I've got no idea what you look like but I do know you're pretty inspiring. +1
 
Being attractive or unattractive is not a sure thing. What one person thinks can be totally different from the next. You just need to find a person who will find you attractive and I am sure there have been people in your life who have found you attractive but they are to shy or don't know how to approach you.
 
I'm pretty sure that some features are simply unattractive for virtually 100% of people like yellow or broken teeth, acne, posture etc.
 
perfanoff said:
I'm pretty sure that some features are simply unattractive for virtually 100% of people like yellow or broken teeth, acne, posture etc.

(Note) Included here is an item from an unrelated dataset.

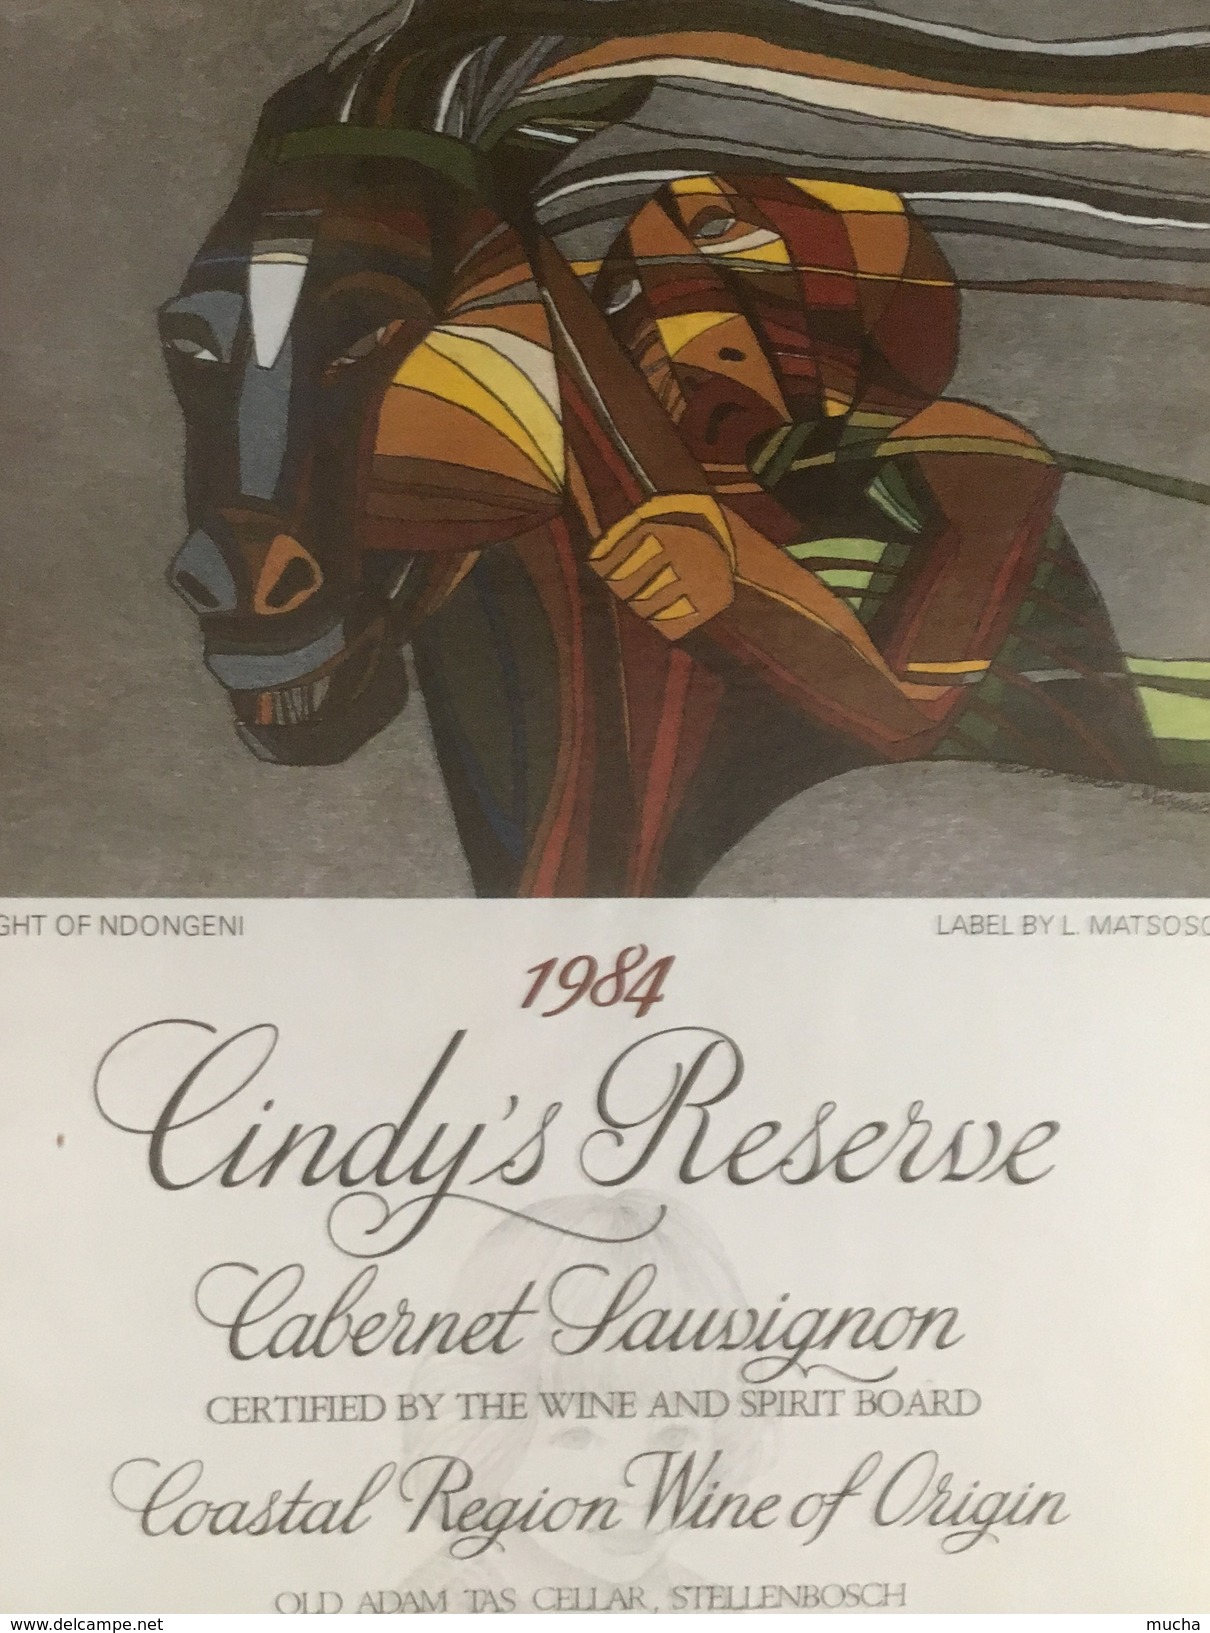 4564 -  Cindy's Réserve 1984 Cabernet Sauvignon Afrique Du Sud Flight Of Ndongeni Artiste L.Matsoso - Art

Perfs makes a legitimate point here. *nods in approval*
 
Acne isn't really something I would say is unattractive. Most the kids I went to high school with had a lot of it and that didn't stop them from getting a date.
 
perfanoff said:
I'm pretty sure that some features are simply unattractive for virtually 100% of people like yellow or broken teeth, acne, posture etc.

Incidentally I know three different men who have one of the following:\

The man with broken teeth is extremely popular in clubs and has no problem making friends.

The man with deep cystic acne is the lead sales representative for a certain business/nameless location who is happily married to his wife and interactions with the public each day while connecting with strangers.

The man with poor posture works in a hospice and is also married.

Maybe these features do not make dating hopeless?
 
Im not sure that Perf meant it made dating impossible. I think he just meant that a large portion of the population might share similar dislikes?
 
EveWasFramed said:
perfanoff said:
I'm pretty sure that some features are simply unattractive for virtually 100% of people like yellow or broken teeth, acne, posture etc.

Perfs makes a legitimate point here. *nods in approval*

I actually disagree with this, although I understand the point being made. A lot of people look past these issues over time, if not right away.
 
VanillaCreme said:
EveWasFramed said:
perfanoff said:
I'm pretty sure that some features are simply unattractive for virtually 100% of people like yellow or broken teeth, acne, posture etc.

Perfs makes a legitimate point here. *nods in approval*

I actually disagree with this, although I understand the point being made. A lot of people look past these issues over time, if not right away.

Oh I dont think anyone is saying that people wont/dont look past things - not at all. Im just saying that a good majority of people woould have similar dislikes.
 
perfanoff said:
I'm pretty sure that some features are simply unattractive for virtually 100% of people like yellow or broken teeth, acne, posture etc.

Just like I said in another post.....
 
It isn't meant as a cause for argument. Just an idea that some people value other things differently. I know it doesn't change any of the awful things you've been told LonelyInAlt. It's hurtful being torn down like that.
 
I look like the back end of a bus, and I am able to pull (less so recently due to relationships) with alarming and almost tedious regularity. The trick is to be able to talk. Is it scary, yes. does it get easier yes, but not totally. Sometimes you need to think like a predator. Know your prey, move in and just talk. Confidence is more important than looks and in the early days your confidence is gonna take a mauling. You just need to learn not to put all your hopes in one basket.
 
Nono I also agree that people can look past these issues. But I am dead certain that it is harder for people who have such and such unattractive quality to date, compared to those who don't.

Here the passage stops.